_Instructions to follow:_
Below, find the line containing "The rebuilt village"; from there to the final line, print every line exactly and skip the pictures.

*** Data excerpt ***

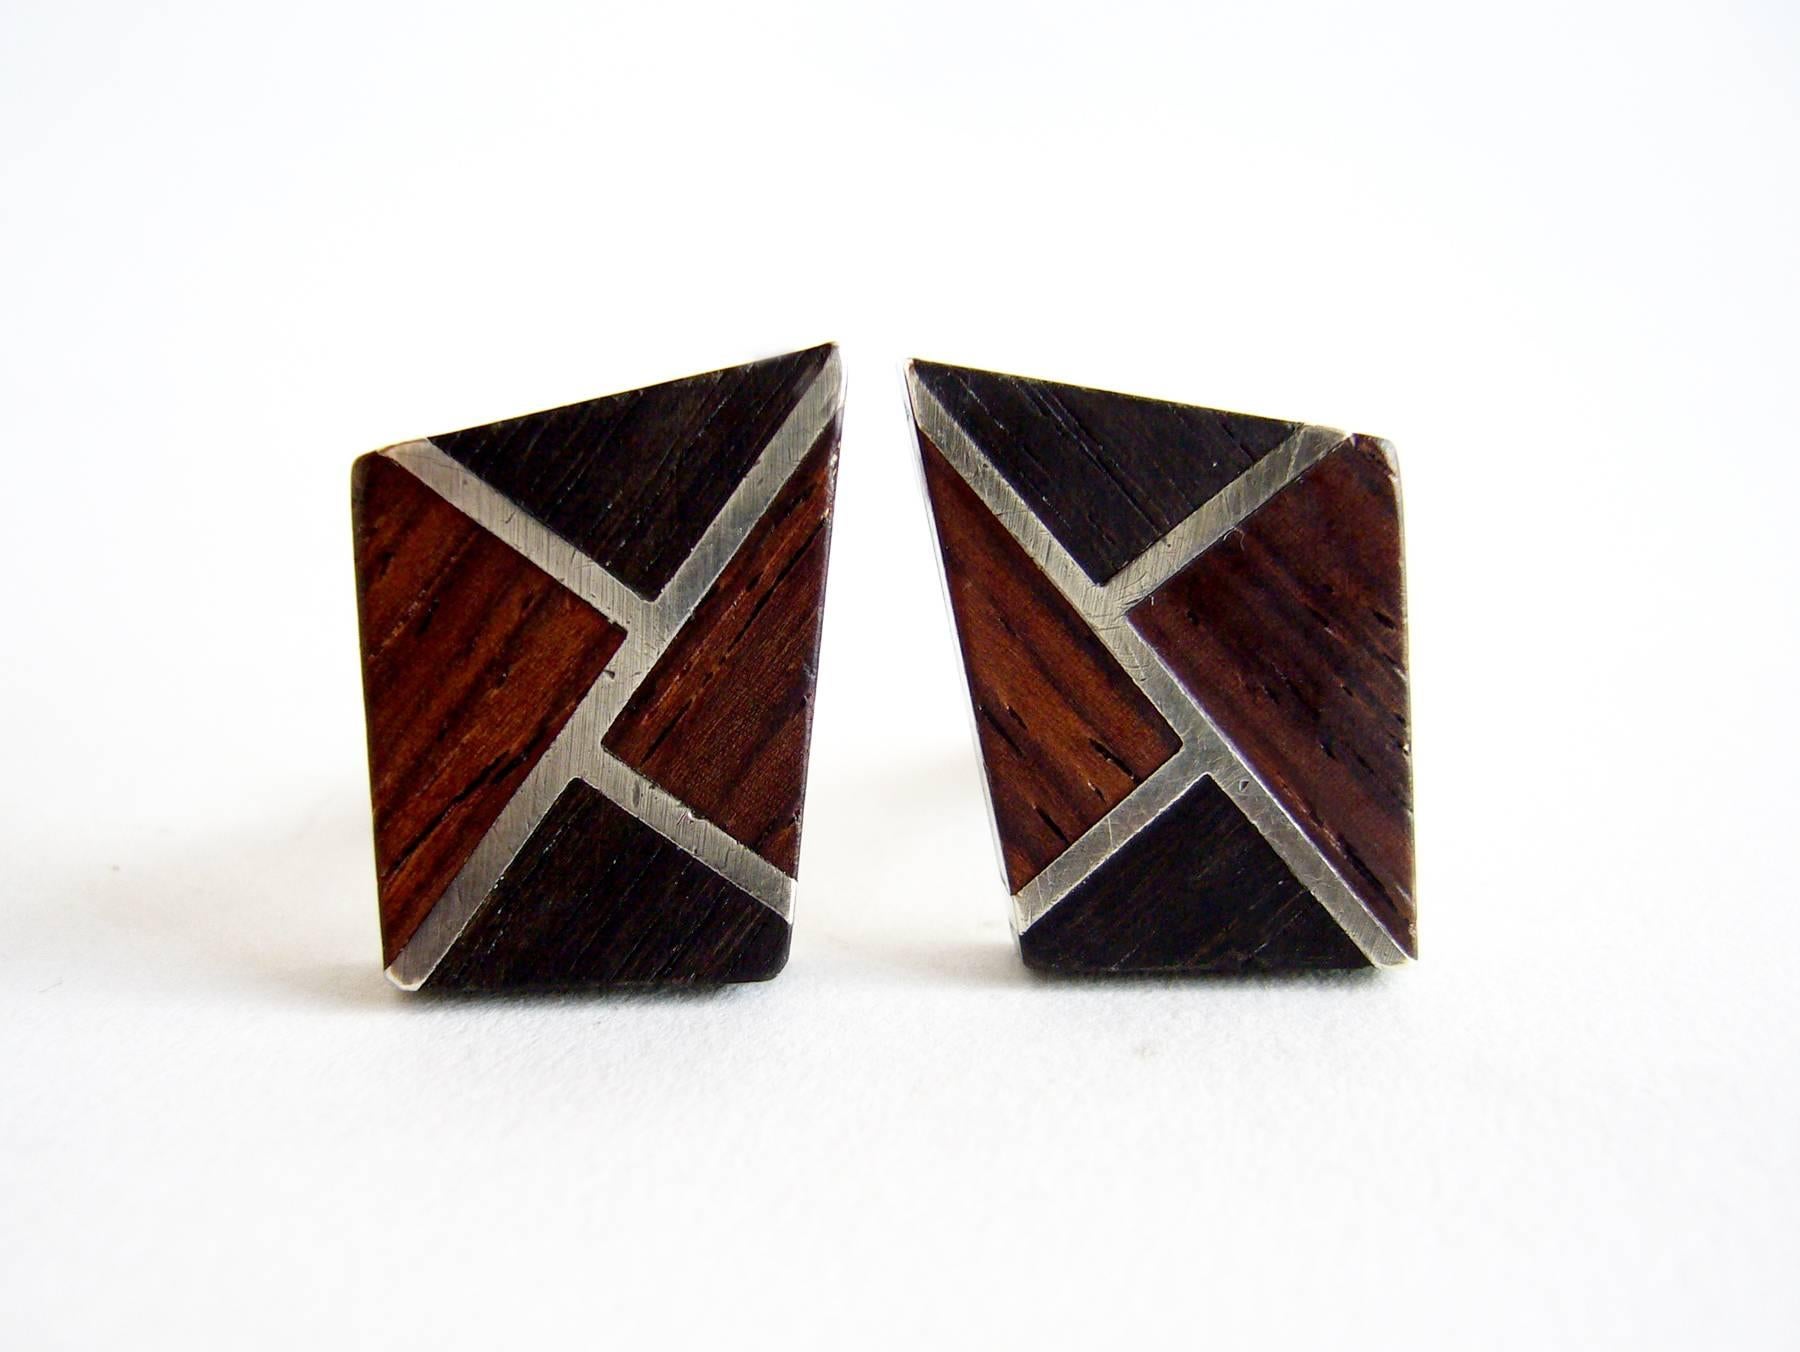 Sterling silver and exotic wood cufflinks designed by Esther Lewittes of Los Angeles, California.  Cufflinks measure 7/8
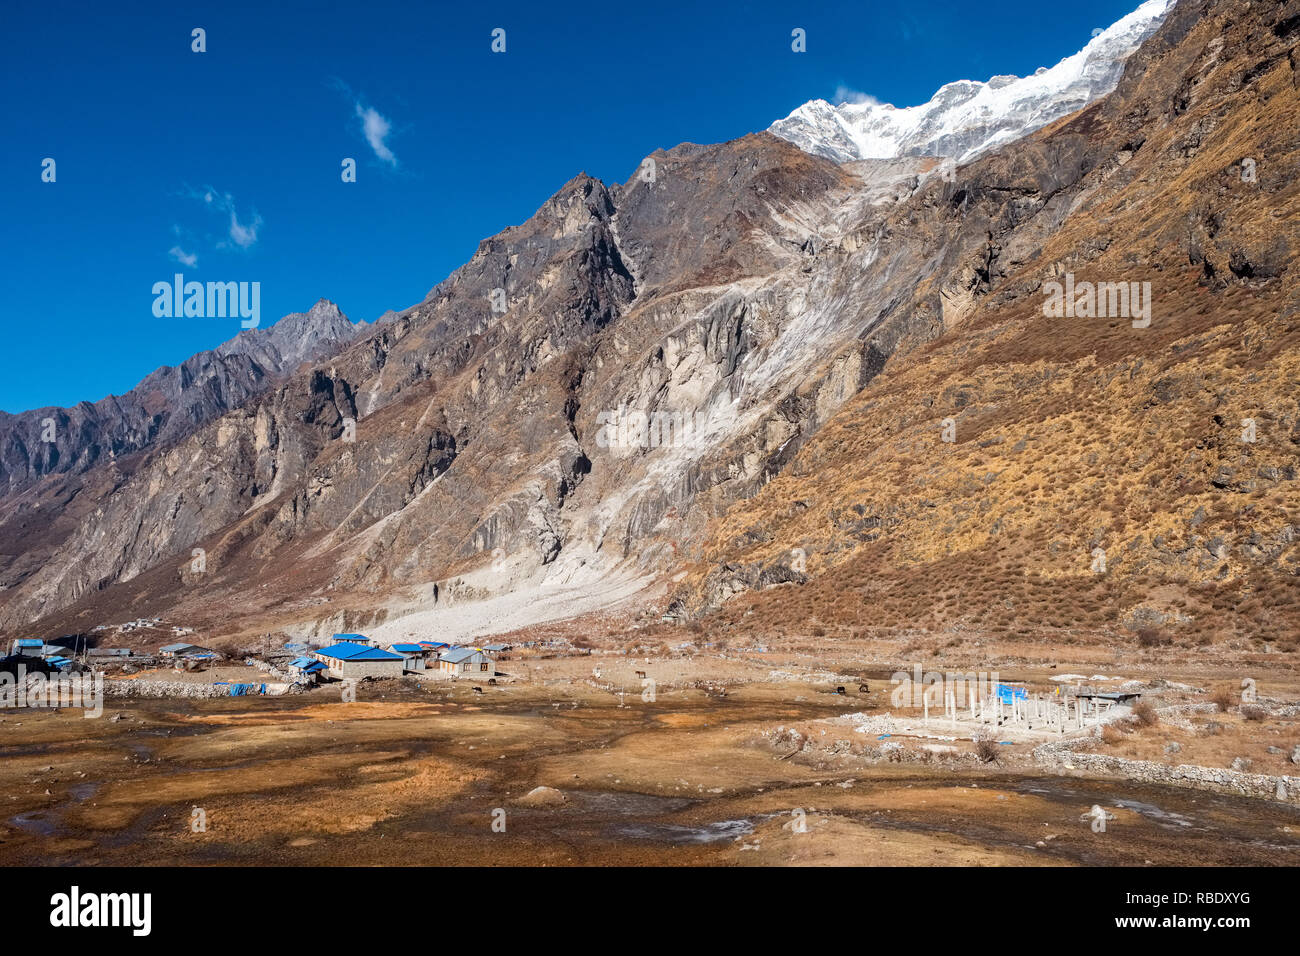 The rebuilt village of Langtang. The original village was wiped out by the landslide seen in the distance in the 2015 Nepal earthquake Stock Photo
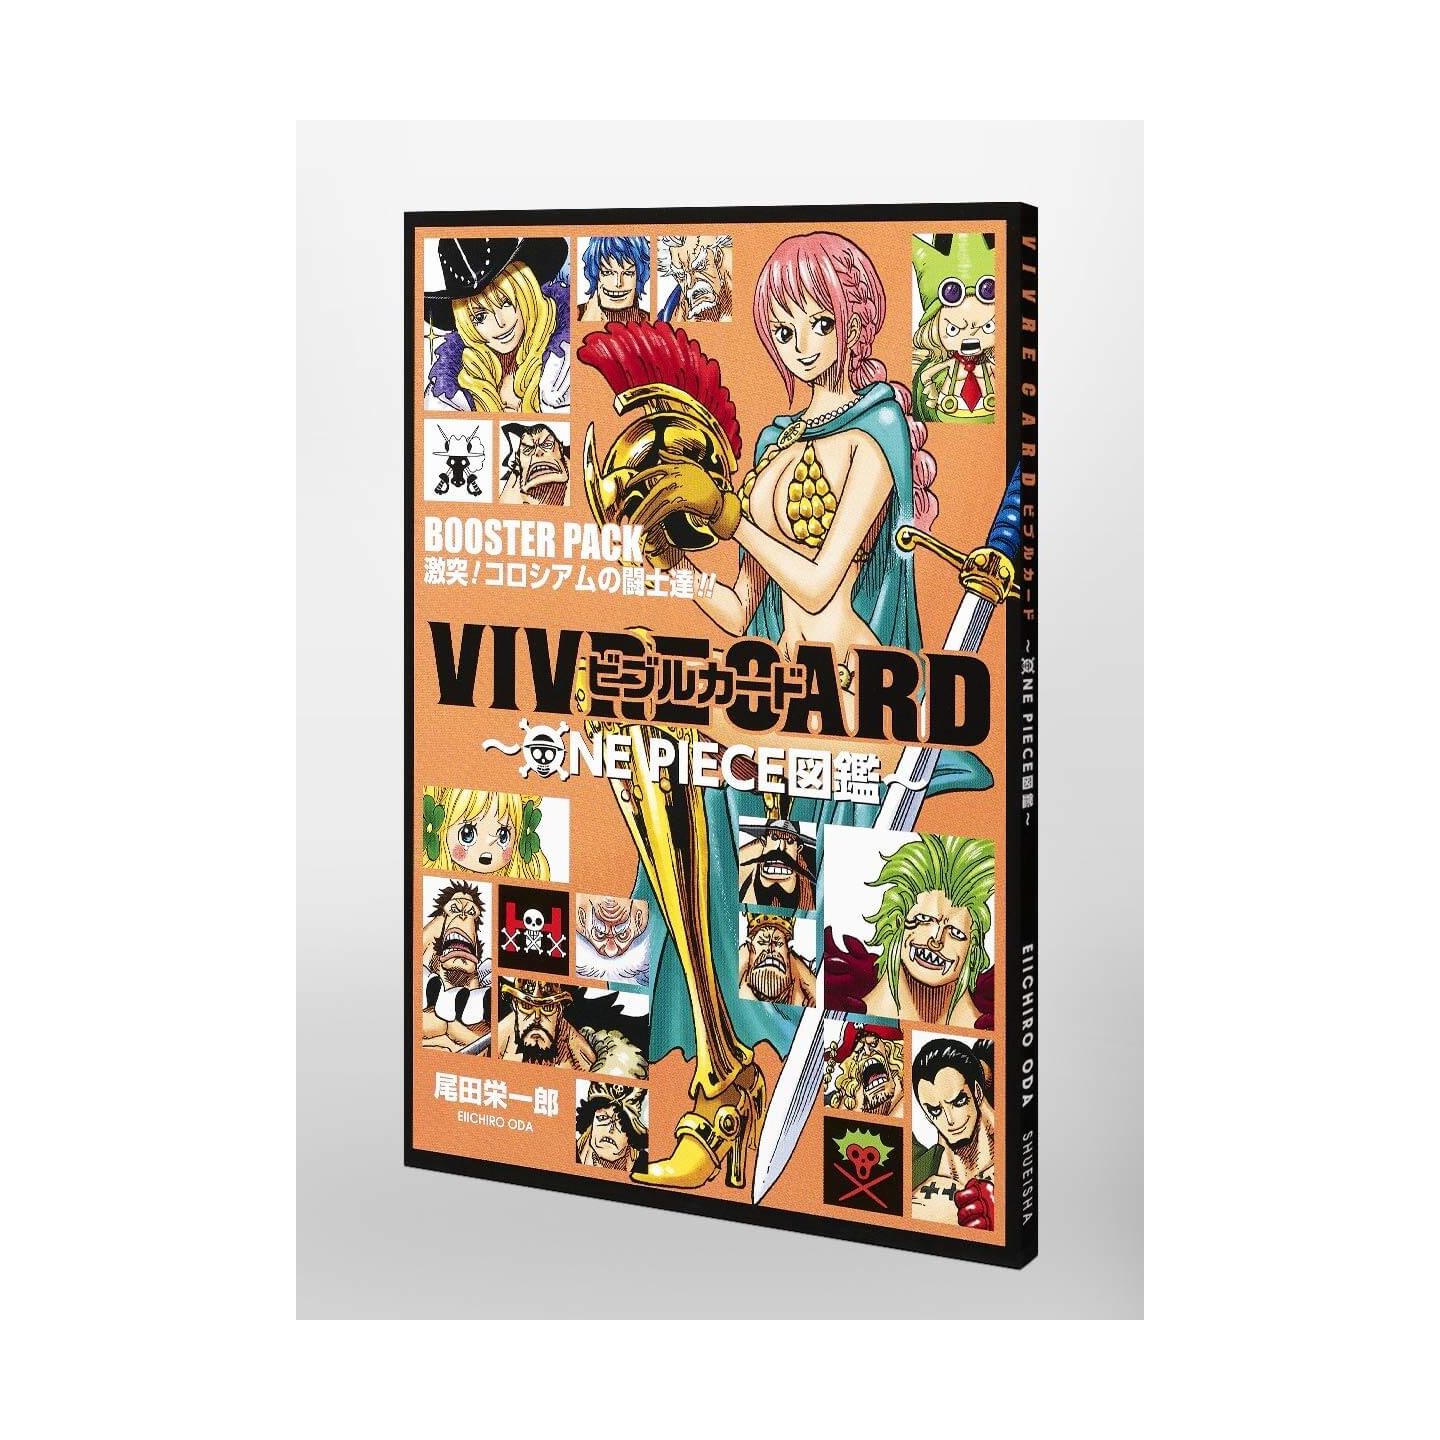 Vivre Card One Piece図鑑 Booster Pack 激突 コロシアムの闘士達 コミックス

*** End of Data excerpt ***

_Result of this exercise:_
 The rebuilt village of Langtang. The original village was wiped out by the landslide seen in the distance in the 2015 Nepal earthquake Stock Photo
 Vivre Card One Piece図鑑 Booster Pack 激突 コロシアムの闘士達 コミックス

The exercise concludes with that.